__Task statement__. Pictures in the material below are to be left out, and only the lines from the line with "Un hombre solitario" up to and including the line with "Tek Towel, Small-3" are to be written out exactly.

__Available data__.
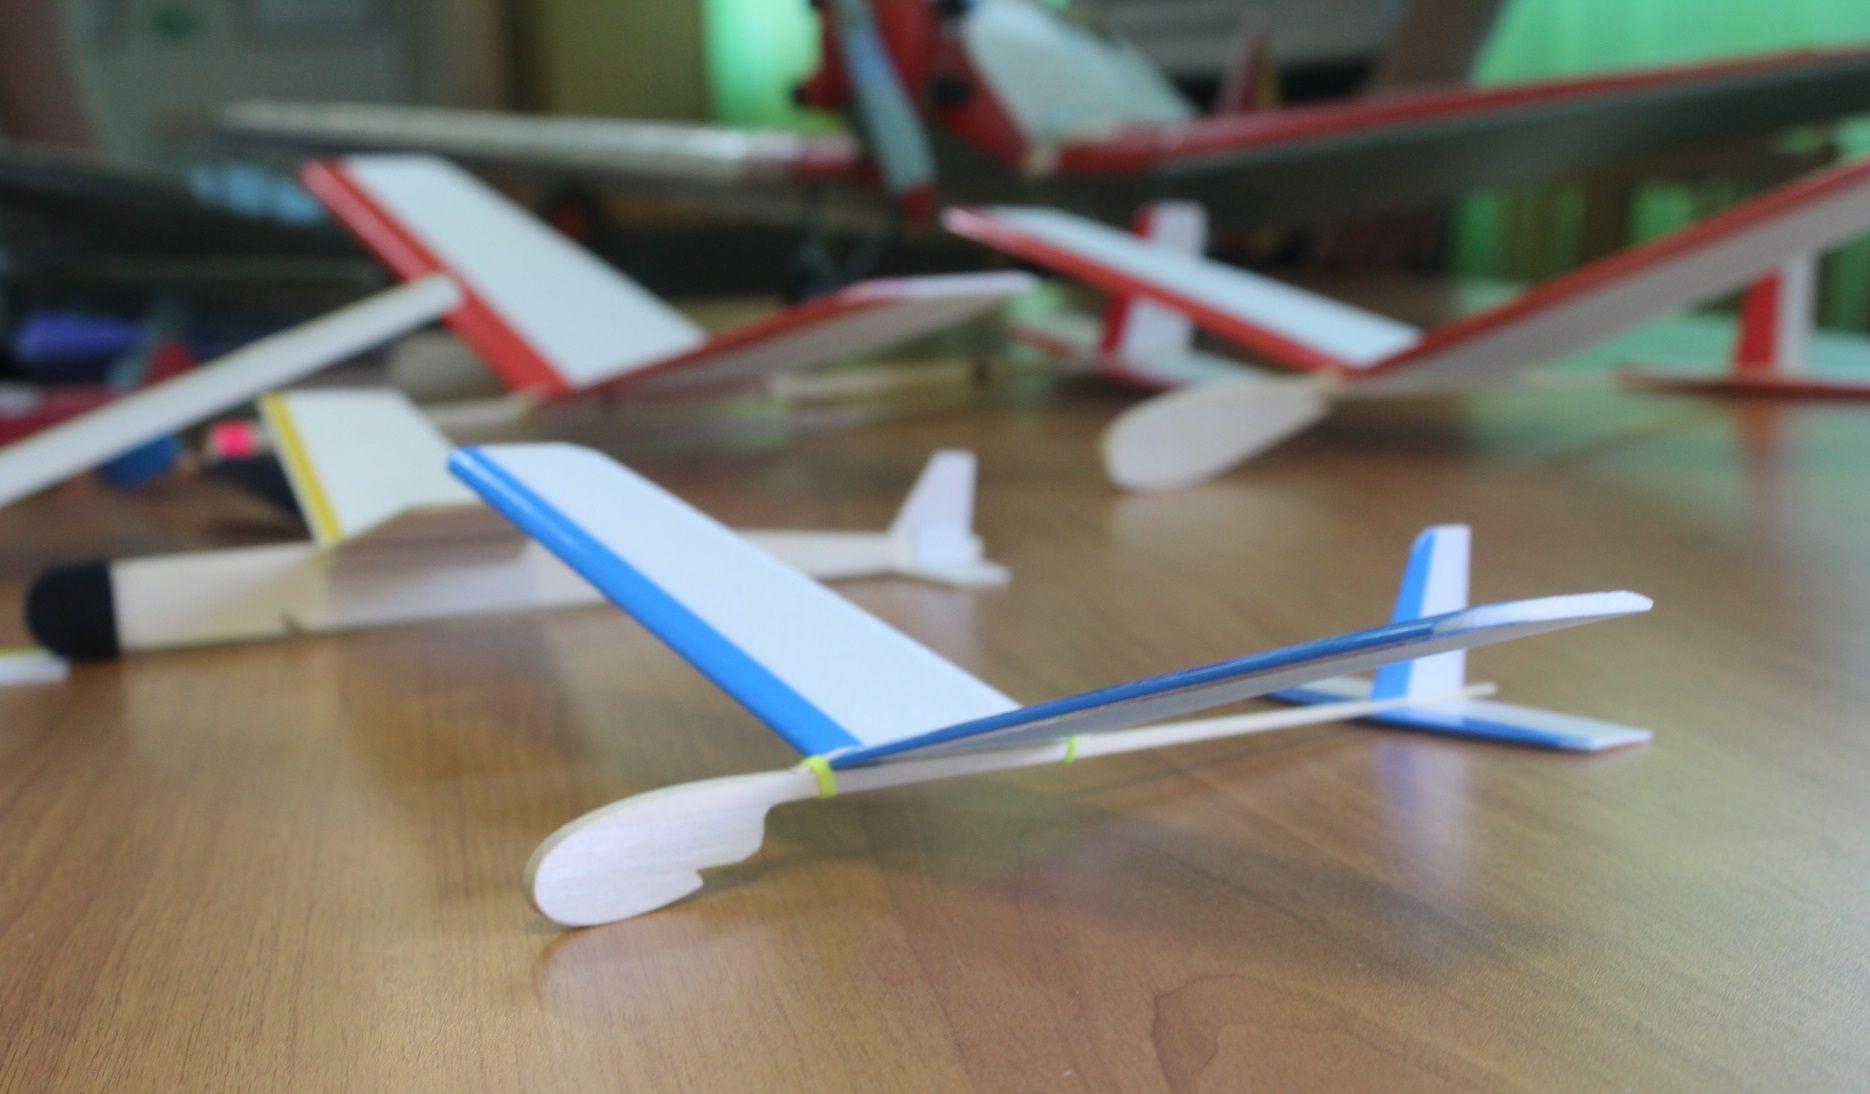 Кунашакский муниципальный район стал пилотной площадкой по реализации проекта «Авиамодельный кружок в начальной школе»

* * *

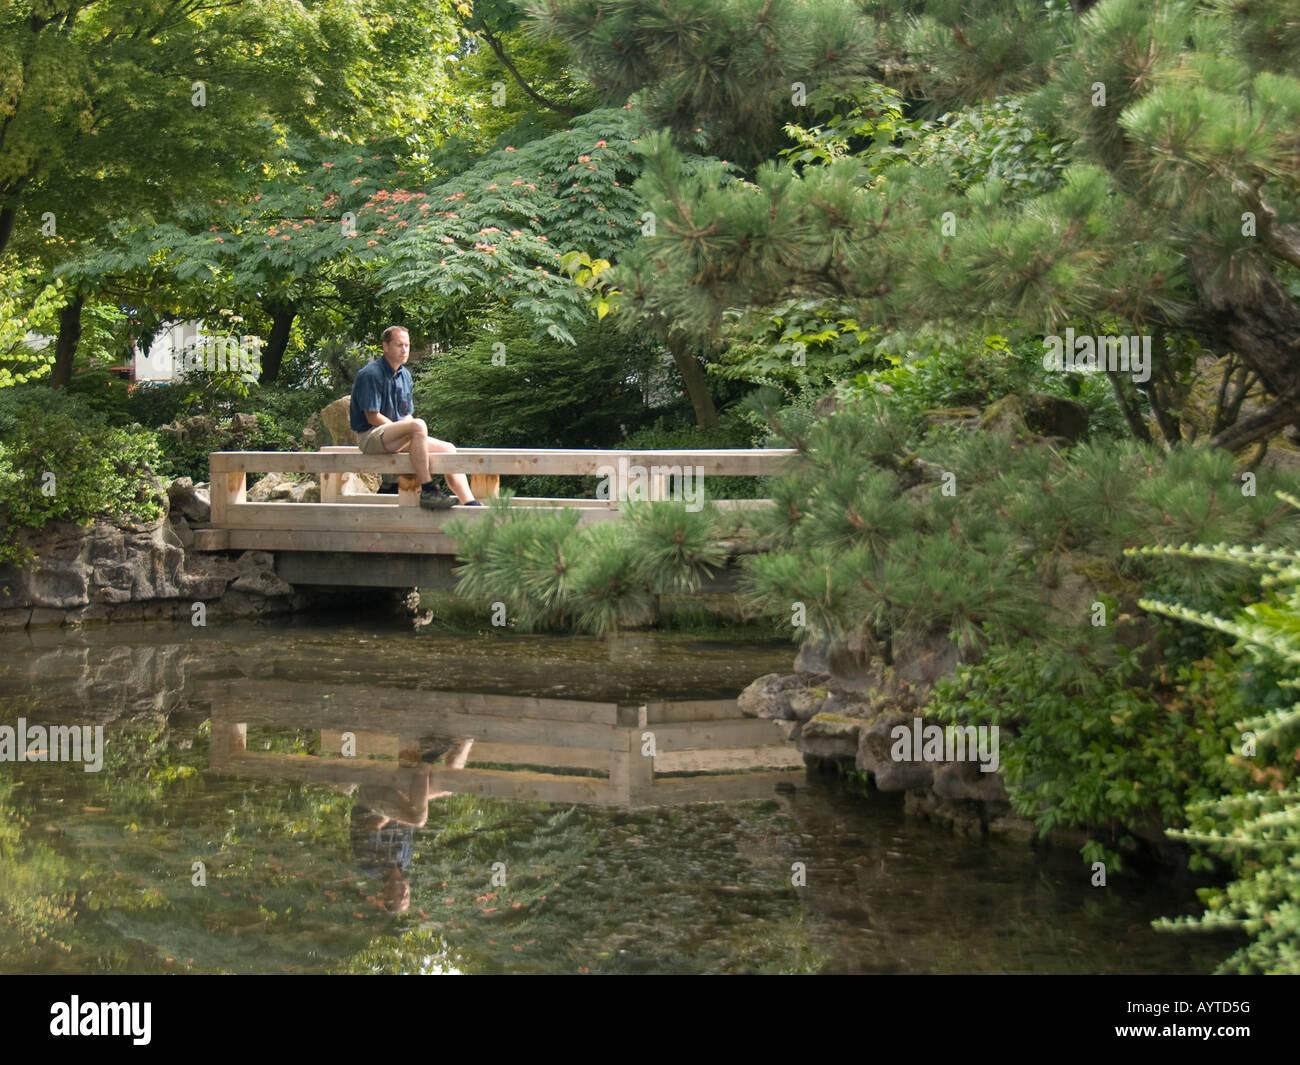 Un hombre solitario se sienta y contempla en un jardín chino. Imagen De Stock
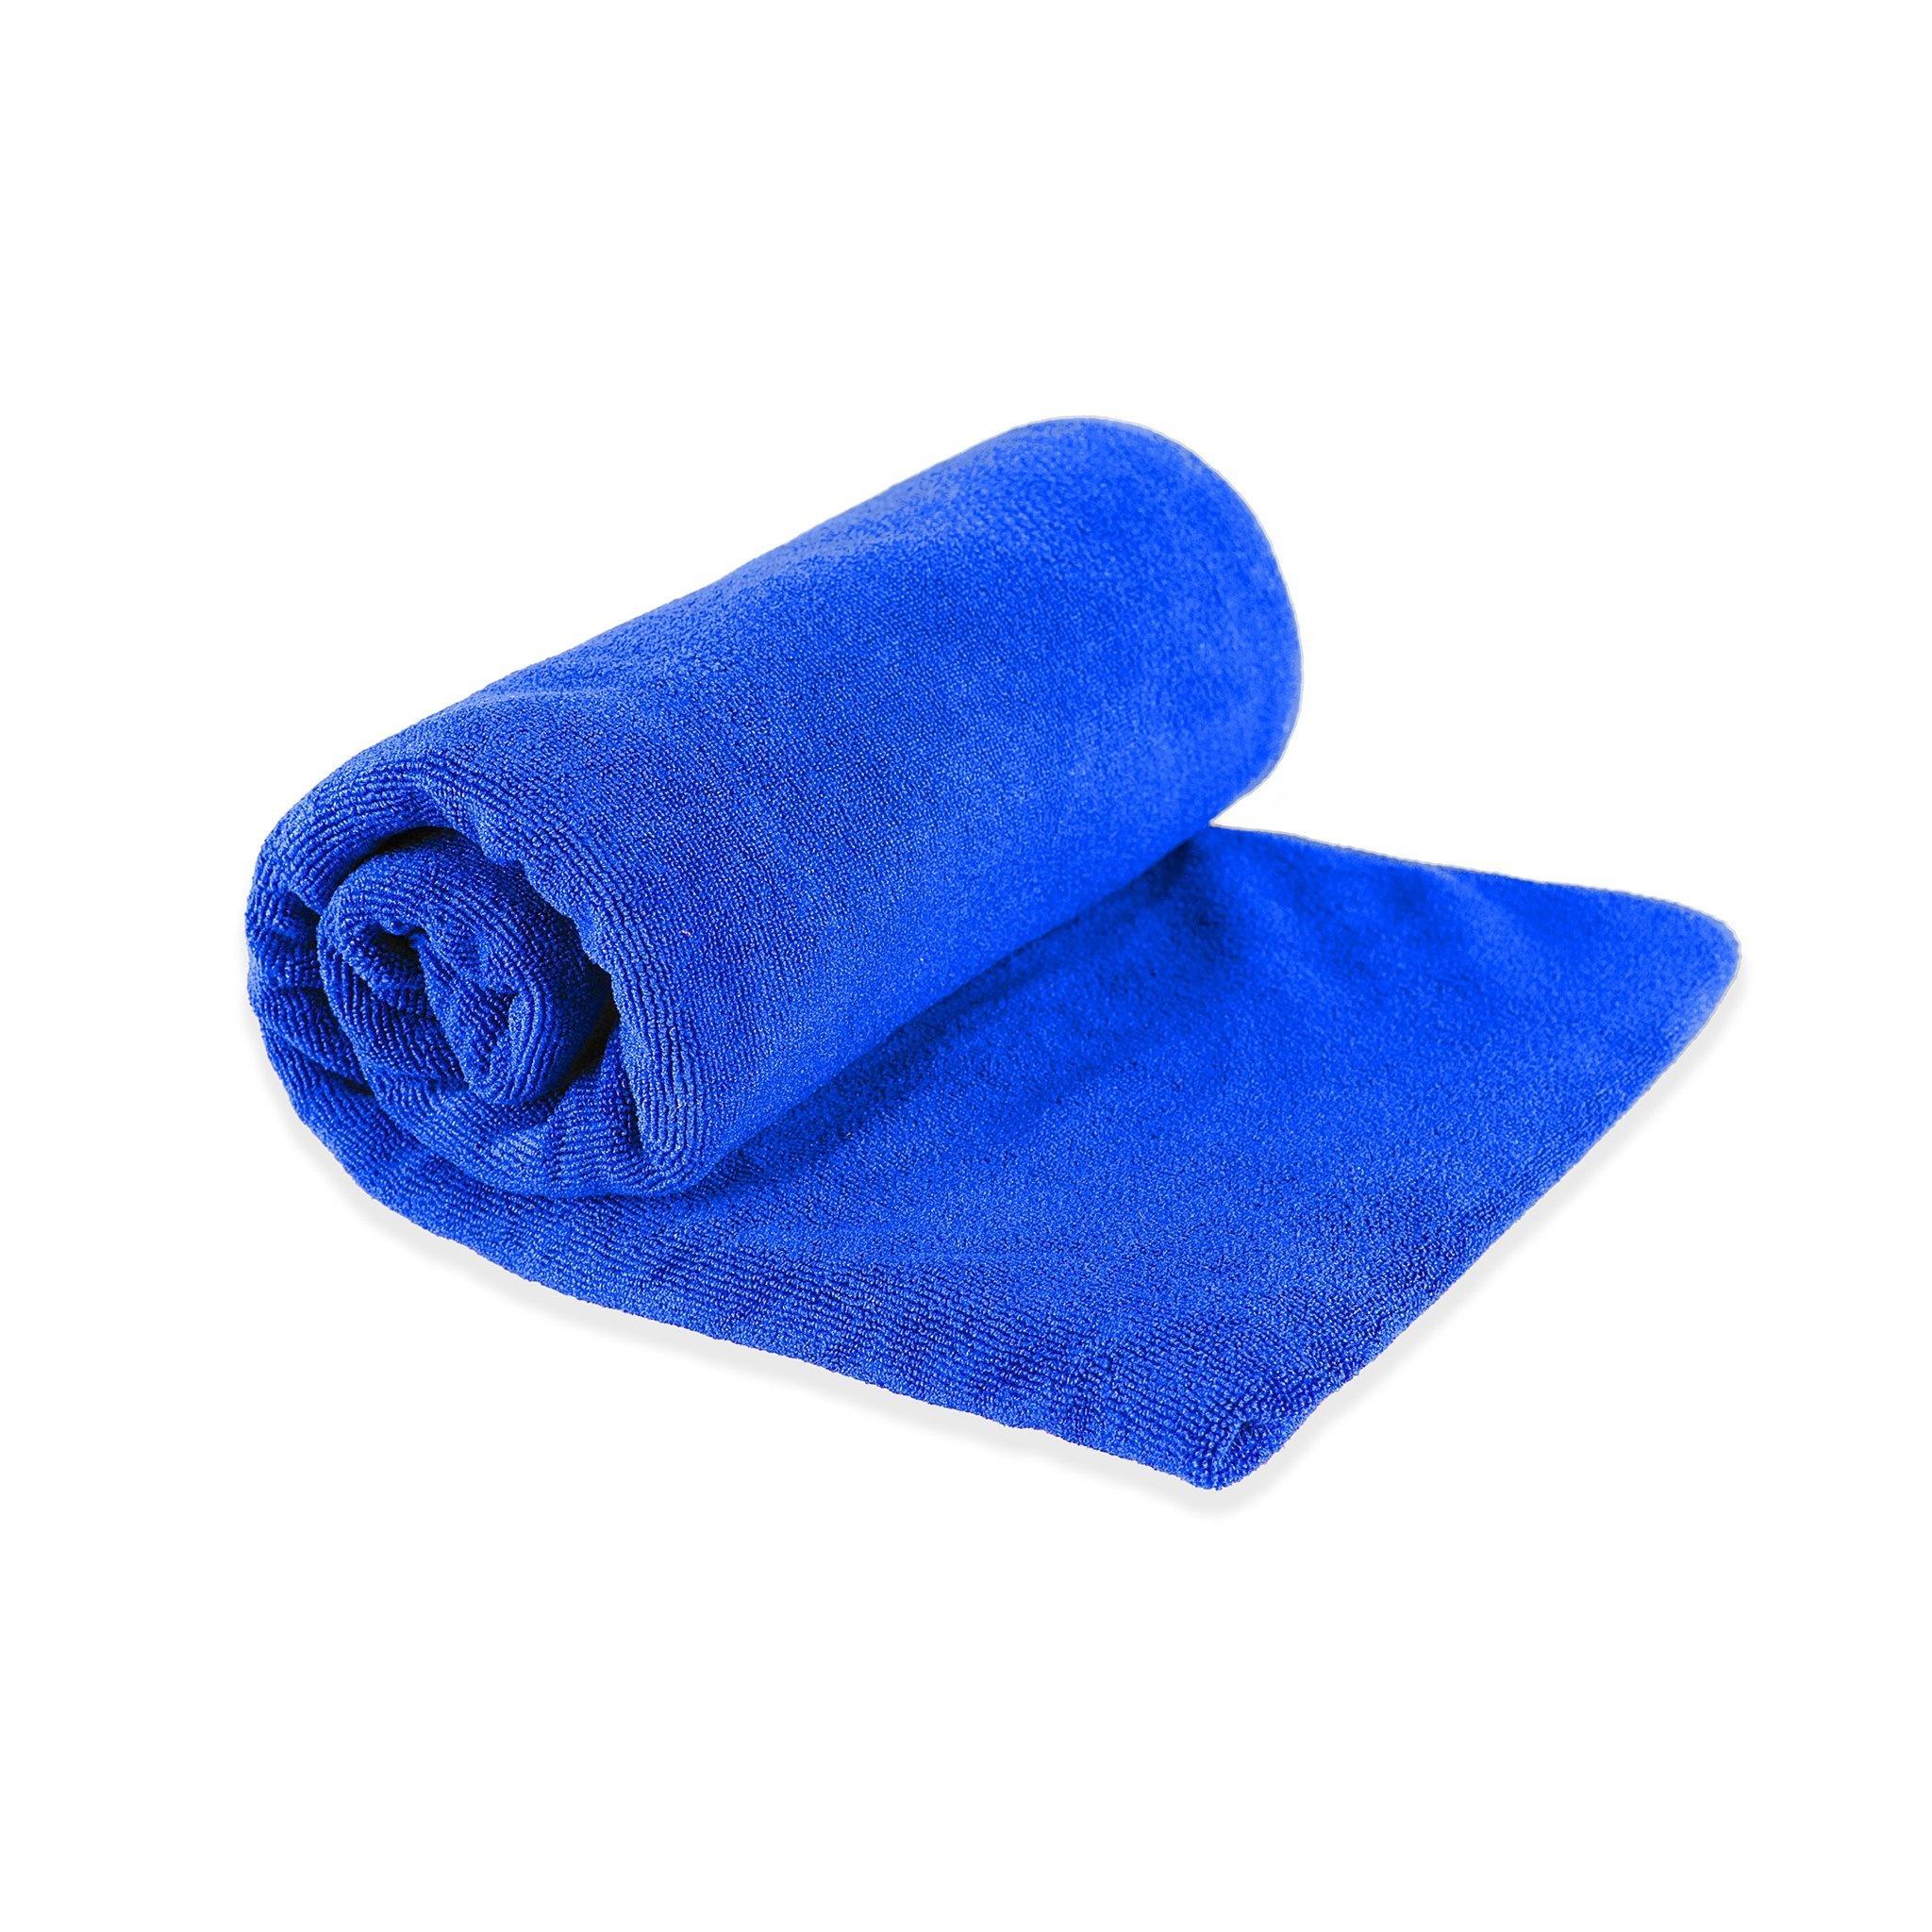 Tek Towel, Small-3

__Reply__.
 Un hombre solitario se sienta y contempla en un jardín chino. Imagen De Stock
 Tek Towel, Small-3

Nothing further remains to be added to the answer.